媛達が神祀りで活躍 崇神天皇の系譜 神話は今も生きている ことの葉綴り。二五八
「おもてなしの祖」叔父の娘が皇后に
おはようございます。秋晴れの朝、「ことの葉綴り。」のひとときです。
神話の物語、第十代、崇神天皇(すじんてんのう)の系譜の続き。
前回、二人目の妃と四柱の御子のお話でした。
今日は、三人目の妻で、皇后となる、御眞津比賣命(みまつひめのみこと)とその御子です。
この媛の父は、大毘古命(おおびこのみこと)は、祖父の第八代孝元天皇(こうげんてんのう)のご長男。i
大毘古命(おおびこのみこと)は「おもてなしの祖」でもありますよ(^^)
で、ということは、崇神天皇(すじんてんのう)の父である、開化天皇(かいかてんのう)の兄なので、崇神天皇の叔父になります。
この「おもてなしの祖」の叔父の娘、従姉妹にあたる御眞津比賣命(みまつひめのみこと)との間に、六柱の御子が誕生します。
皇后になった媛は、一人目、二人目の妃よりも、“近く”父君も王(みこ)ですから、位も高いですね。

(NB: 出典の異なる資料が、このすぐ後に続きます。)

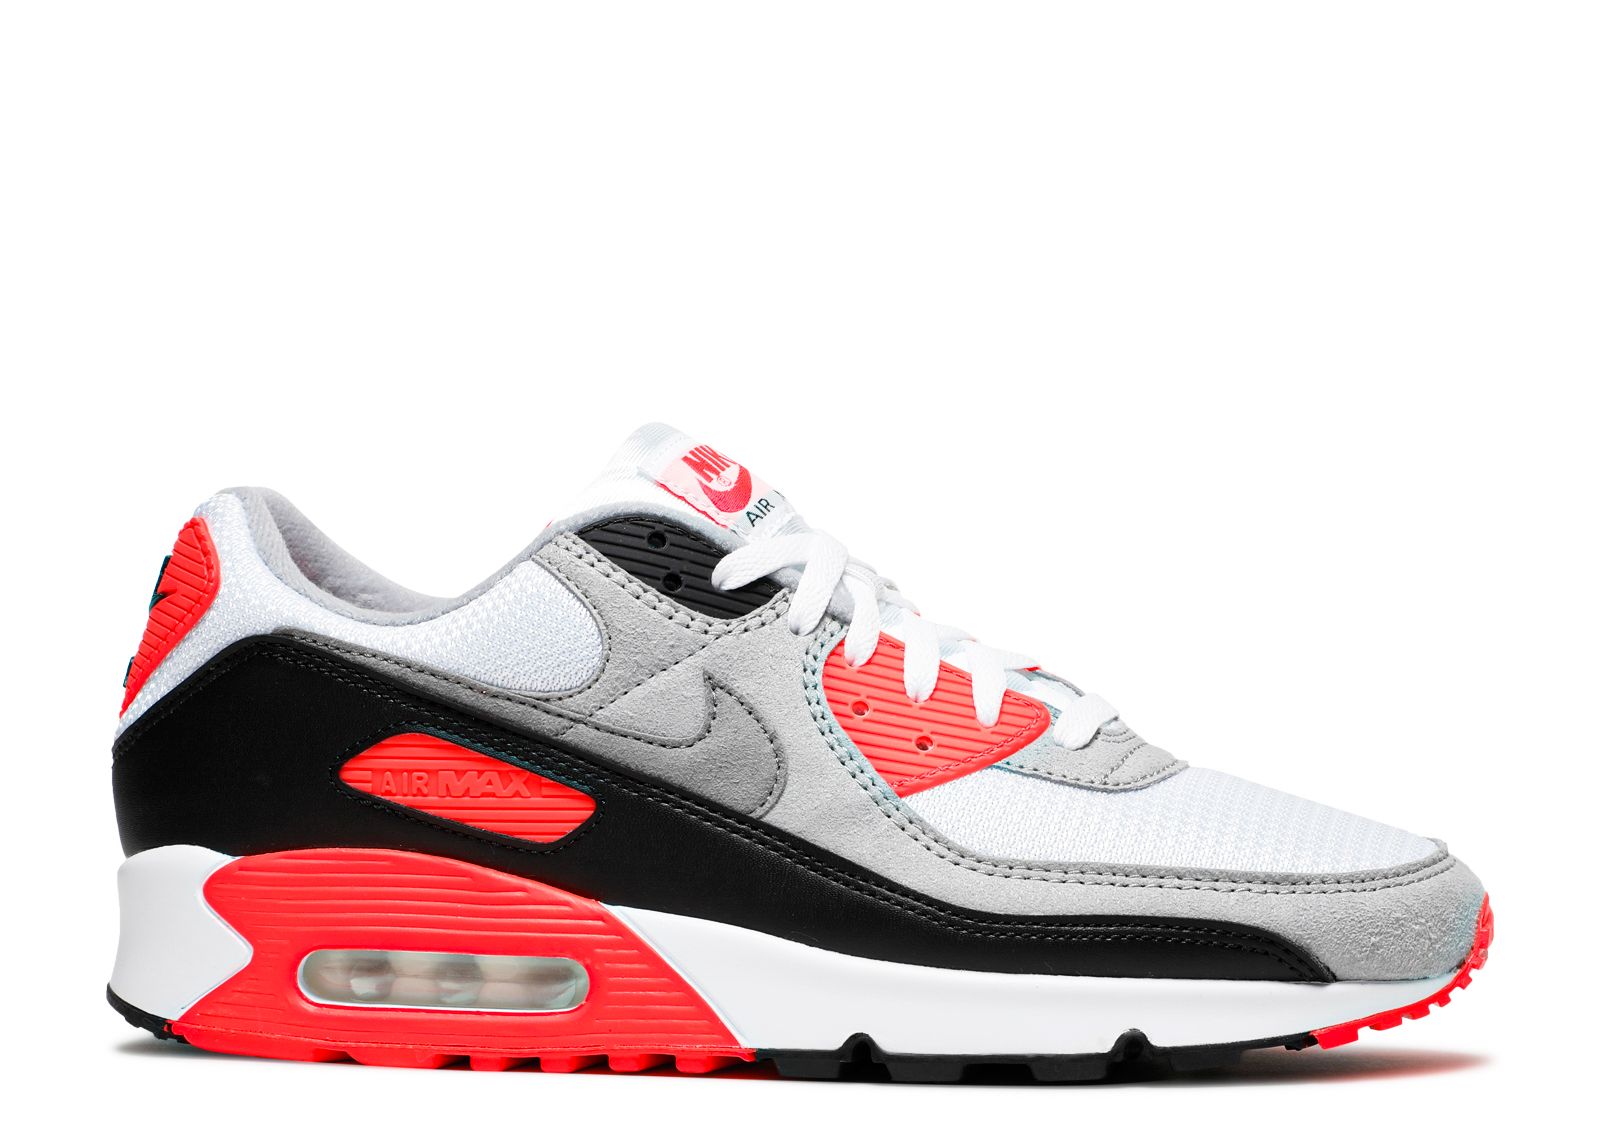 Air Max 90 'Infrared' 2020 - Nike - CT1685 100 - white/black/cool red | Flight

そして、この叔父である、大毘古命(おおびこのみこと)さまは、崇神天皇(すじんてんのう)のを大いに助けて活躍されますよ。
さて、この皇后との間に誕生した六柱の御子です。
一、 伊玖米入日子伊沙知命(いくめいりびこいさちのみこと)
この御子が、皇位を継承されて、次の垂仁天皇(すいにんてんのう)となります。
二、 伊邪能眞若命(いざのまわかのみこと)
三、 國片比賣命(くにかたひめのみこと)
四、 千千都久和比賣命(ちちつくわひめのみこと)
こちらの御子の記述はありません。
千千都久和比賣命(ちちつくわひめのみこと)は、千千衝倭姫命とも書きます。この、わは、倭のことをさし千千衝のちちくは、霊力が高く盛んで突出している、という意味だと言われています。
五、 伊賀比賣命(いがひめのみこと)
こちらは、『日本書紀』では、五十日鶴彦命(いかつるひこのみこと)とあり、王(みこ)になっています。性別が違います。
殉死の禁令!?
六、 倭日子命(やまとひこのみこと)
この倭日子命(やまとひこのみこと)の王(みこ)が崩御されたとき、「始めて墳墓の周りに、人垣を立てた」とあります。
と。『古事記』には、ここで「初めて」と、あります。
貴い人や主君、夫がなくなると、妻や臣下が死んで殉ずる殉死は、古来のエジプト、メソポタニア、中国でも行われていたようです。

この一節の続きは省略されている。